Canavan Spongiform Leukodystrophy: Aspartoacylase Deficiency

Kvittingen et al. first described patients with cerebral atrophy and leukodystrophy with N-acetylaspartic aciduria. It was the merit of Matalon et al and divry et al. to link this disorder with Canavan disease.

Clinical Presentation Canavan Spongiform Leukodystrophy: Aspartoacylase Deficiency

The diagnosis of Canavan disease can be suggested by clinical features including leukodystrophy, megaloencephaly, mental retardation, and optic atrophy. Death usually occurs in the first decade of life. Computed Tomography (CT) scan or magnetic resonance imaging (MRI) show white matter attenuation. Brain histopathology shows spongy degeneration of the myelin, astrocytic swelling, and elongated mitochondria; neurons are normal. Three clinical variants of the disease have been described:

• A congenital form in which the disease is apparent from birth

• An infantile form, which is the most common and which becomes manifest after the first 6 months of life (this form is frequently seen among Jewish patients)

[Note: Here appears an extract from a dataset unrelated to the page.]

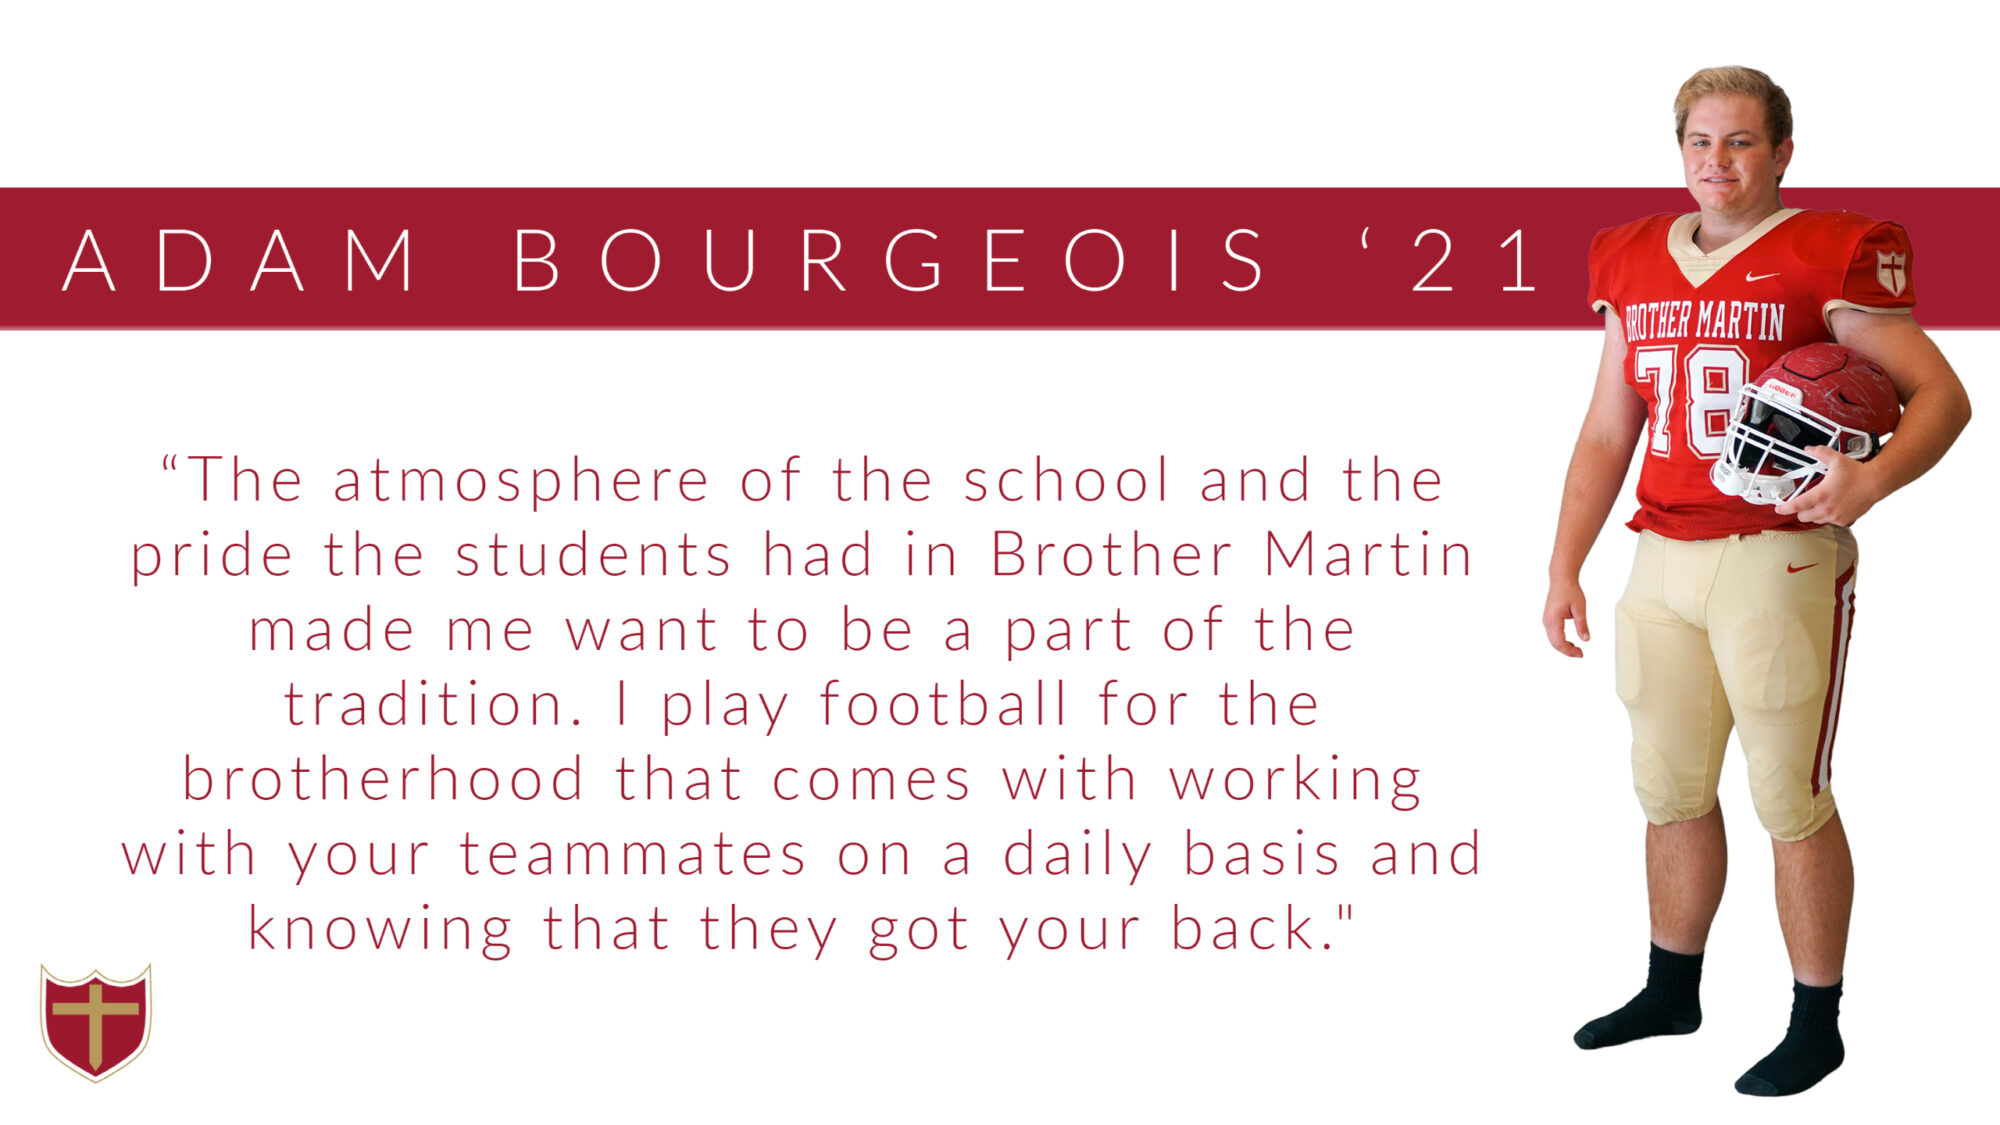 Bourgeois MTC

• A juvenile form in which symptoms appear after the first 5 years of life.

Metabolic Derangement Canavan Spongiform Leukodystrophy: Aspartoacylase Deficiency

The key feature is accumulation of N-acetylaspartic acid in the body fluids, levels in the CSF being much higher than in the serum. The enzymatic defect can be confirmed by assay of aspartoacylase in fibroblasts. Aspartoacylase is also deficient in Brain, liver, and kidney.

N-acetylaspartic acid is abundant in Brain, where its concentration is second only to glutamic acid in the free amino acid pool and is higher than that of GABA Brain is the only organ where biosynthesis of N-acetylaspartic acid has been demonstrated. Its normal function is not well understood. It has been reffered to as an essential component in a series of reactions required for the conversion of lignoceric acid to cerebronic acid, a component of myelin, and the formation of glutamic acid and has been assigned a possible role in neurotransmission and in the production of N-acetylaspartylglutamate. It may also serve as a chemical compartment so that aspartate is released only by the action of aspartoacylase and the released aspartate may be channeled to form arginine.

Diagnostic Tests Canavan Spongiform Leukodystrophy: Aspartoacylase Deficiency

The diagnosis is based on gas chromatography mass spectrometry (GCMS) of urine or other body fluids showing increased N-acetylaspartic acid levels and is confirmed by aspartoacylase assay on cultured fibroblasts and/or by restriction fragment length polymorphism (RFLP) or mutation analysis of DNA. For prenatal diagnosis the measurement of aspartoacylase in fresh chorionic villi samples or the quantitation of N-acetylaspartic acid in amniotic fluid supernatant are the methods of choice. Obviously, molecular diagnosis using RFLP or mutation analysis within given families will provide prenatal diagnostic facilities and carrier detection in at risk populations in the near future.

Treatment and Prognosis Canavan Spongiform Leukodystrophy: Aspartoacylase Deficiency

It has been proposed that N-acetylaspartic acid serves as a transporter of acetyl groups from mitochondria to the cytosol for lipogenesis. Therefore, in an attempt to supply alternative substrate for lipogenesis in the brain, a ketogenic diet was given to one patient for 5 months. No improvement was seen. No other treatment is available. Progressive deterioration leads to a decorticate condition and death within a few years.

Genetics Canavan Spongiform Leukodystrophy:Aspartoacylase Deficiency

Genetic transmission is autosomal recessive. The human aspartoacylase gene is localized on chromosome 17 p13-ter. A full-length human cDNA for aspartoacylase has been isolated and a predominant point mutation 856 A>C was identified in Jewish patients.